What we know however as people of faith as we look back over the story so far is that there is disaster but also rescue. There is tragedy but always promise and hope. God as we see him in Jesus Christ, the human face of God, is not a nanny who keeps a tight grip on us lest anything untoward happen. He gives us freedom and has himself accepted the suffering that such freedom entails. God was in Christ full of promise loving the world into loving.

The Christian community is composed of those who have consciously made themselves a part of this story. They are building on the vision of human life that we are given in the life death and resurrection of Jesus. They are called to become his body on earth. They know that happiness and fulfilment does not come by having but by loving. They know that human life flowers not when it looks after number one but when it takes risks for the sake of my neighbour. They know with the ancient writers that we fall alone but we are saved together.

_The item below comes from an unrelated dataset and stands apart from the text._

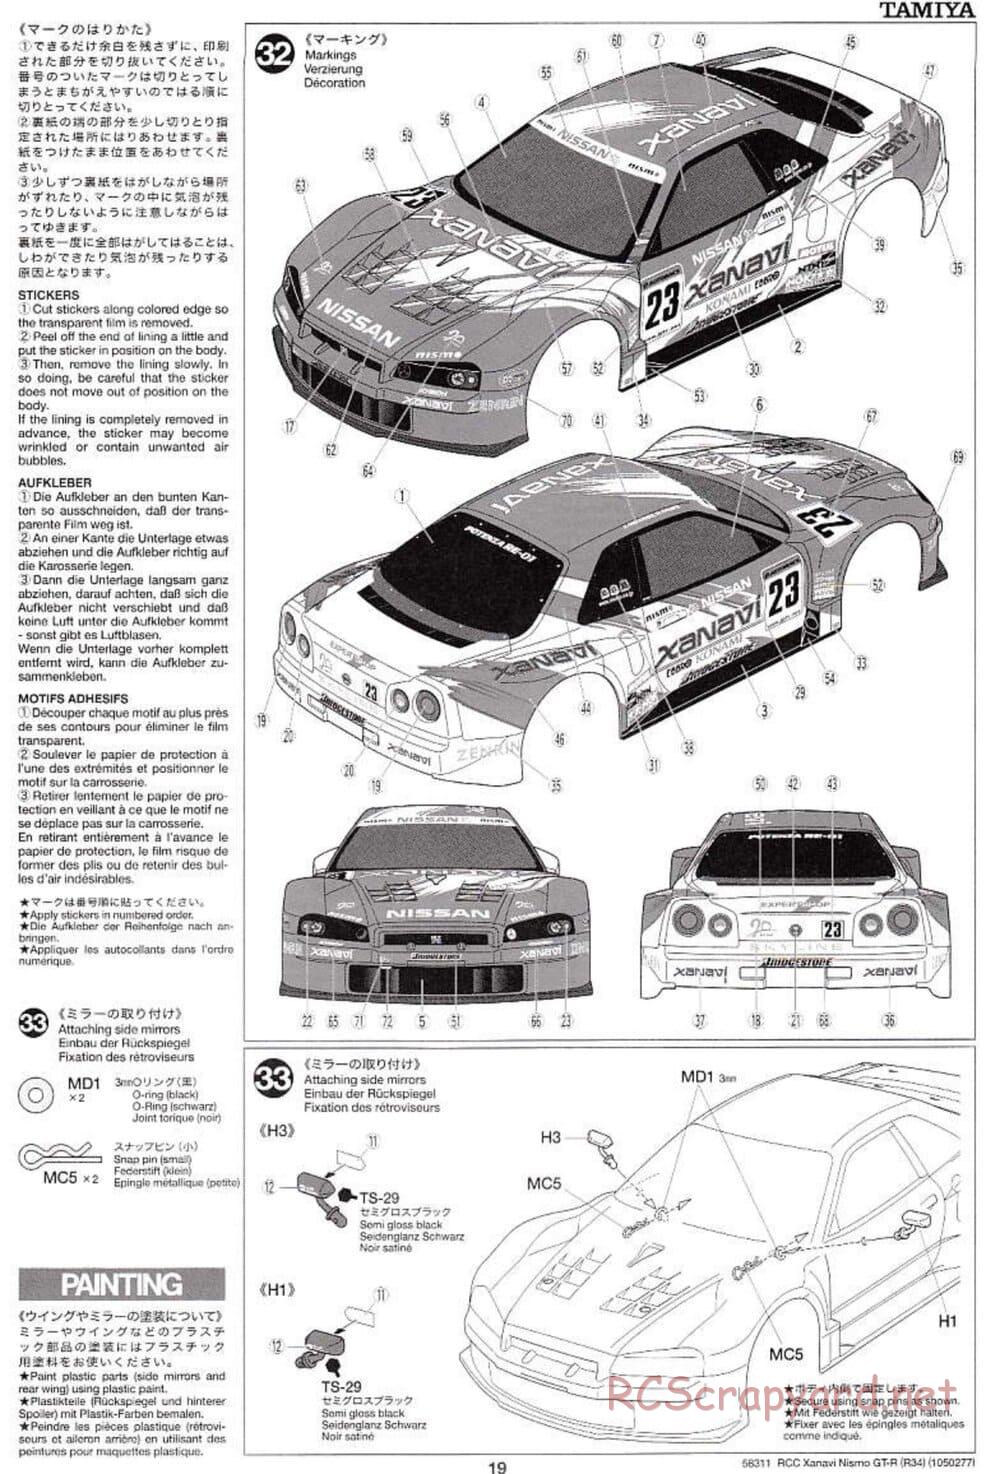 Tamiya - Xanavi Nismo GT-R (R34) - TB-02 Chassis - Manual - Page 19

They know that if we fail to respond to the promise and love of God inviting us to his end-time then the result will be catastrophe. This is a time when not only states but extreme individuals have the capacity and the lethal knowledge to bring fire on the earth and wreak havoc as never before. Christians then have a sense of urgency about praying down the end time, forming the community to nurture the human life which God intends in the here and now. Thy Kingdom come, thy will be done in earth as it is in heaven. Give us today the bread of the morrow – the dawning of the end time. How could we have missed the urgency in those words of Jesus? How could we have ignored the judgement of fire and lived as if there would be no denouement and that the story was already concluded?

The Church is not a club catering for those who have religious tastes and so called needs. It is a community which lives by promise, in hope, and is called to envision and anticipate the Kingdom in the fervent charity and honesty of its own life and the quality of its service to all human beings. God help us, the reality has sometimes been so far from that and we have been misleading signs to our generation. “Every man’s work shall be made manifest. For the day [what I have called the end-time] shall declare it, because it shall be revealed by fire and the fire shall try everyman’s work of what sort it is.” ICor.III,13.